[MATERIAL FOR THIS EXERCISE Boundary: Start]
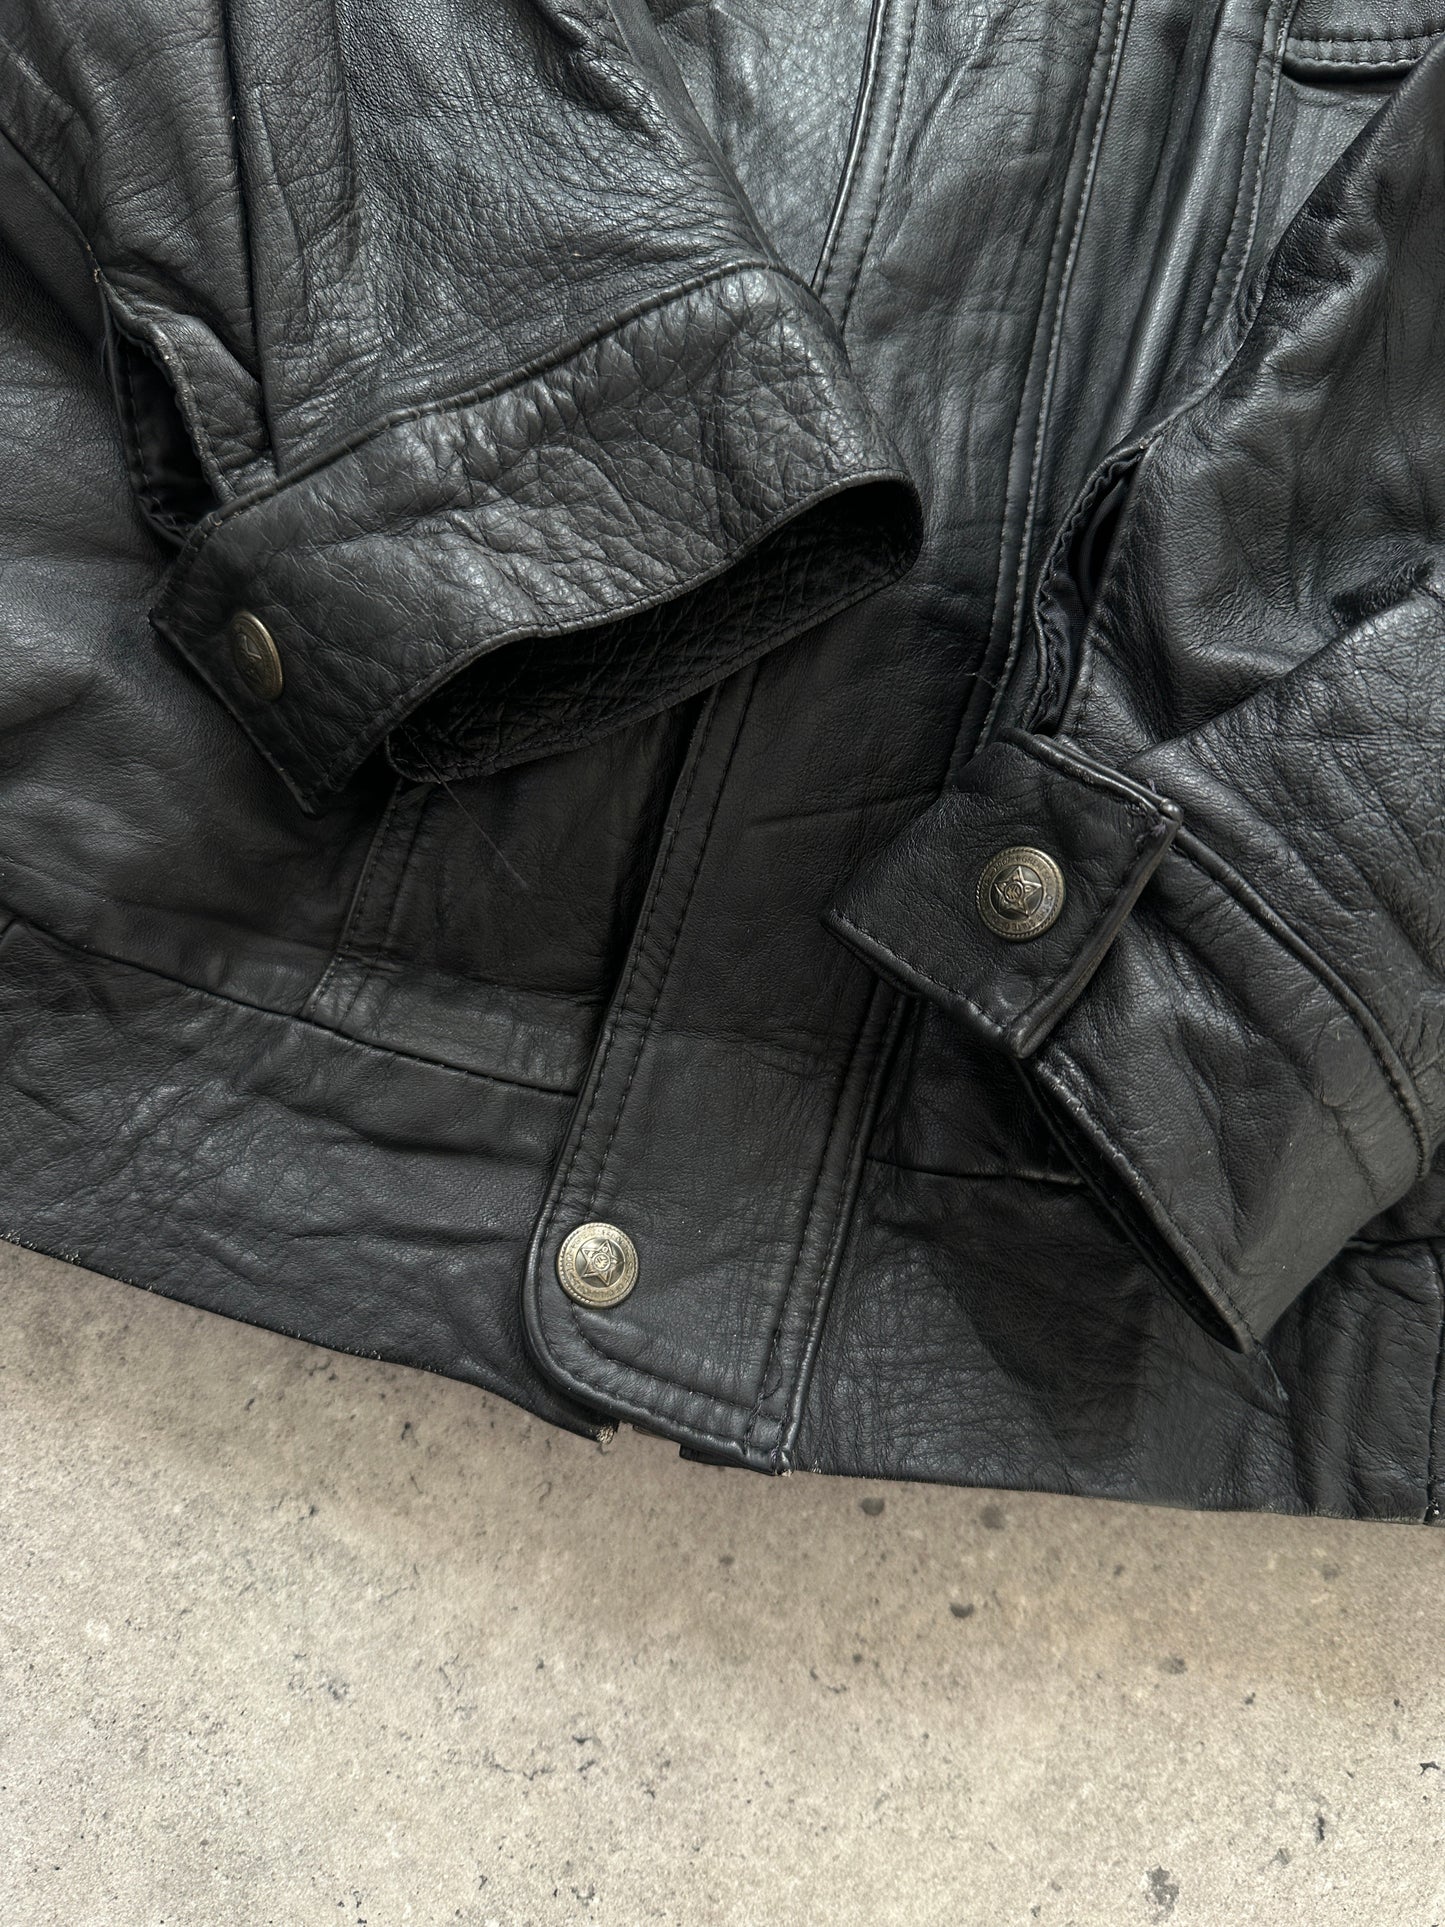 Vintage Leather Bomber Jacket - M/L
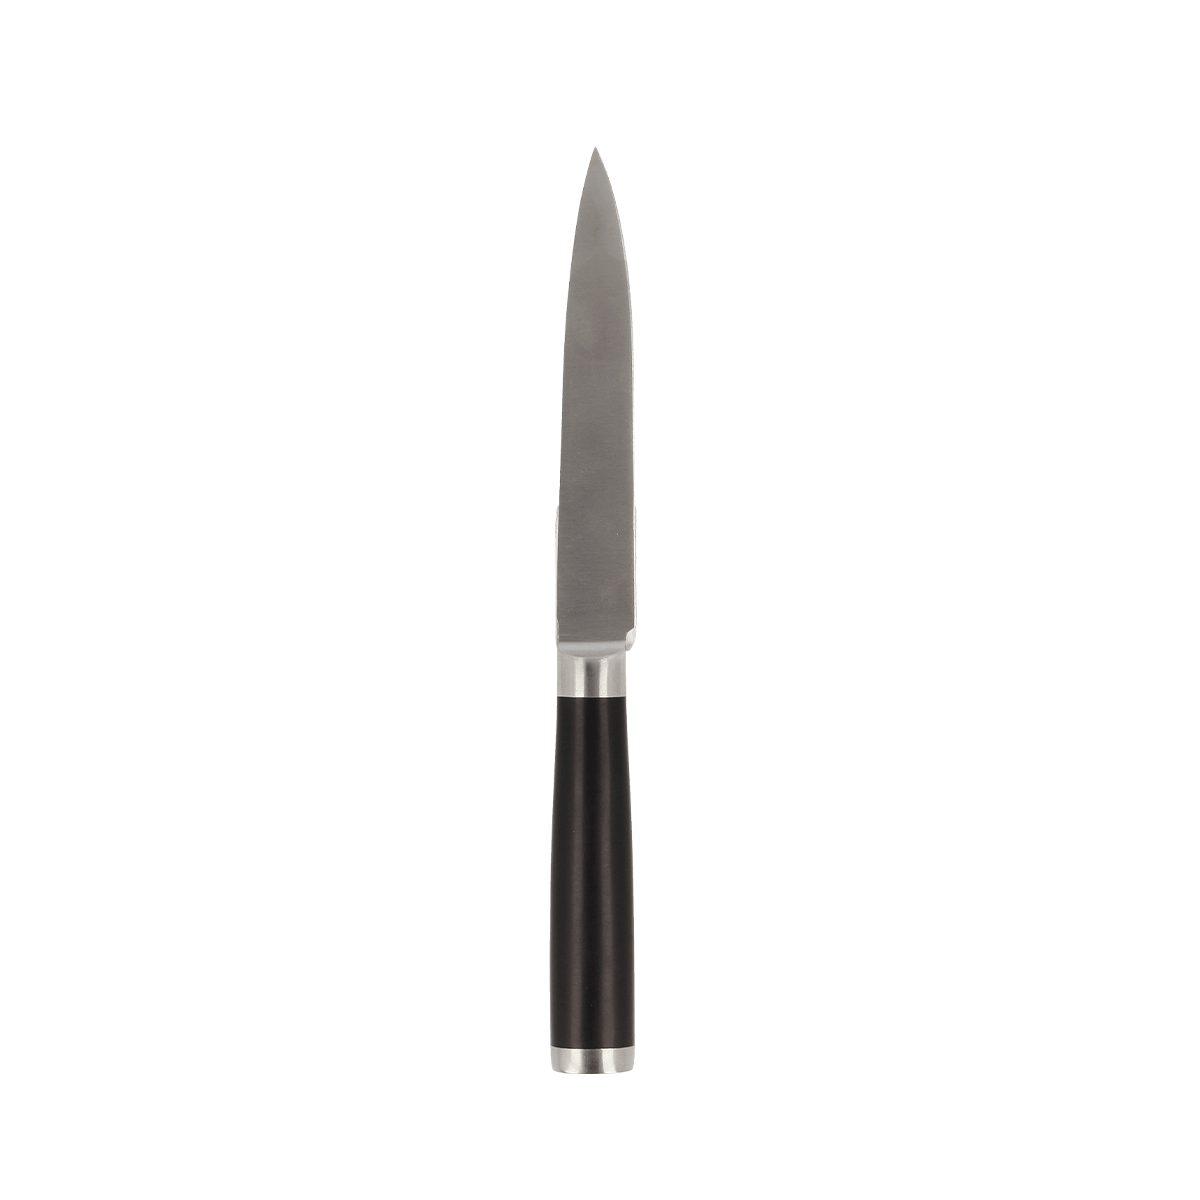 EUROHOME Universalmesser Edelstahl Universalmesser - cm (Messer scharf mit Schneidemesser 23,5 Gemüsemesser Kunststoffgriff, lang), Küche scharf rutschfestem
[MATERIAL FOR THIS EXERCISE Boundary: End]
[MATERIAL FOR THIS EXERCISE Boundary: Start]
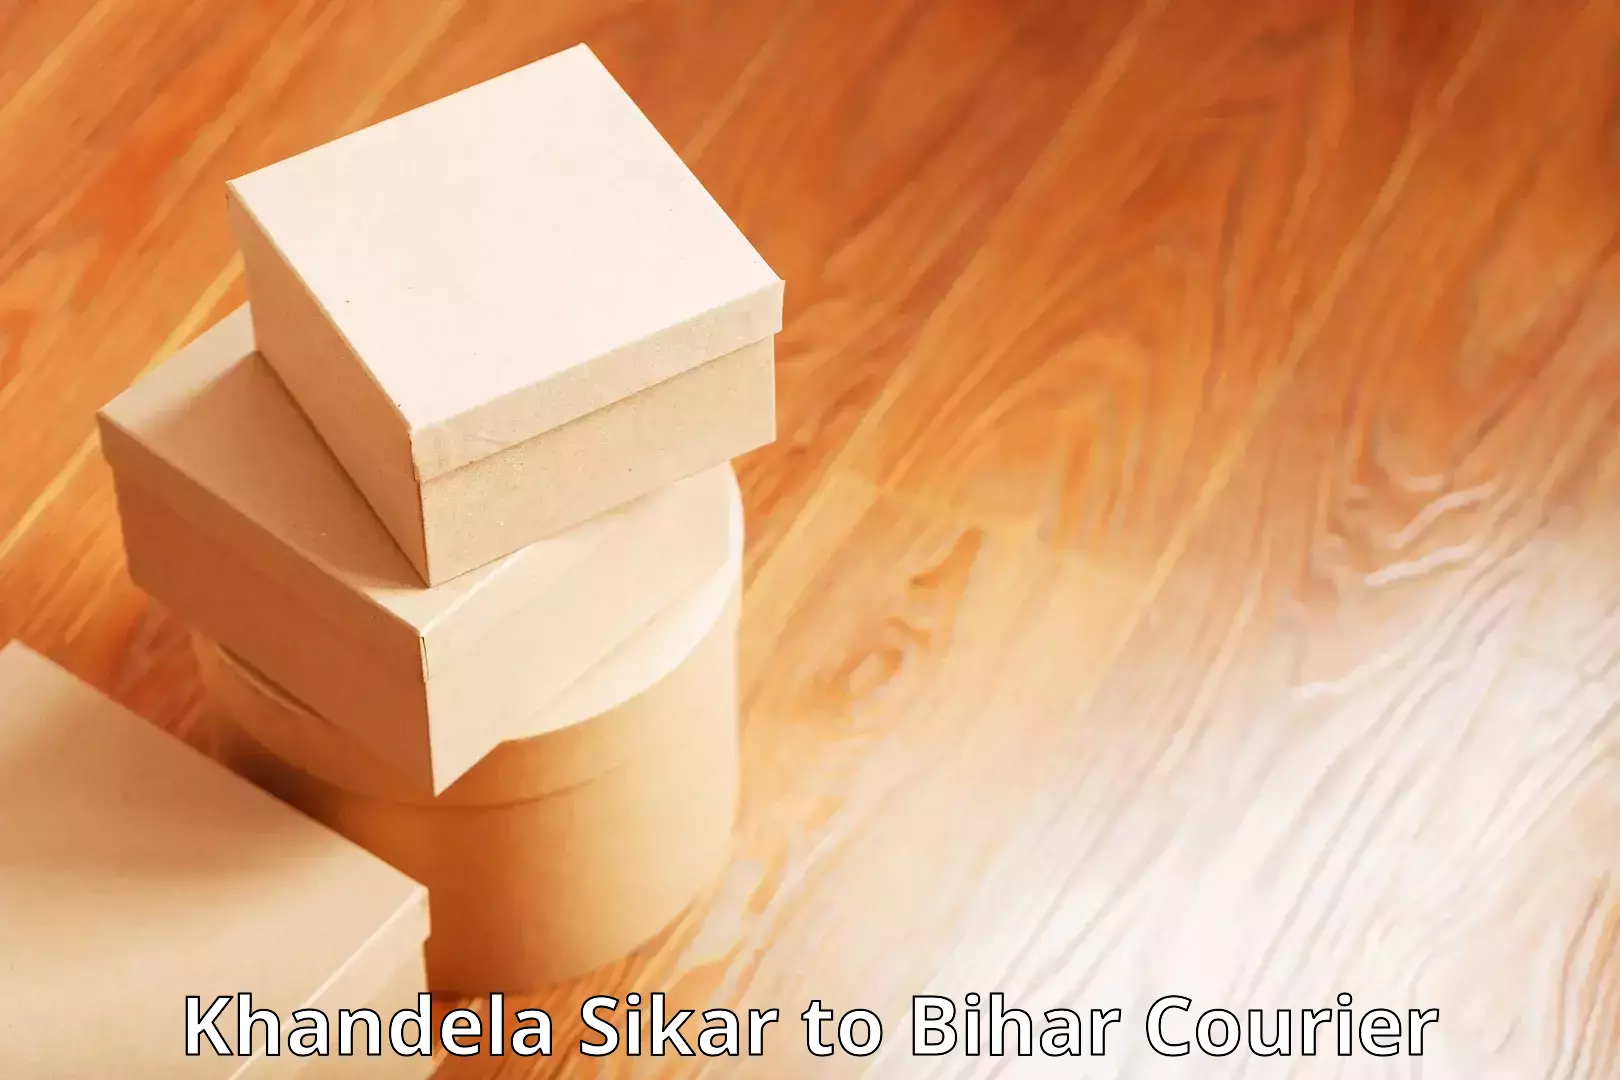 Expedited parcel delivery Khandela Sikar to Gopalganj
[MATERIAL FOR THIS EXERCISE Boundary: End]
WHAT IS NEEDED:
Excerpt from the records above: set down only the lines from the one that contains "Vintage Leather Bomber Jacket - M/L" through the one that contains "EUROHOME Universalmesser Edelstahl", inclusive, word for word. Pictures stay out.

RESULT OF THIS TASK:
 Vintage Leather Bomber Jacket - M/L
 EUROHOME Universalmesser Edelstahl Universalmesser - cm (Messer scharf mit Schneidemesser 23,5 Gemüsemesser Kunststoffgriff, lang), Küche scharf rutschfestem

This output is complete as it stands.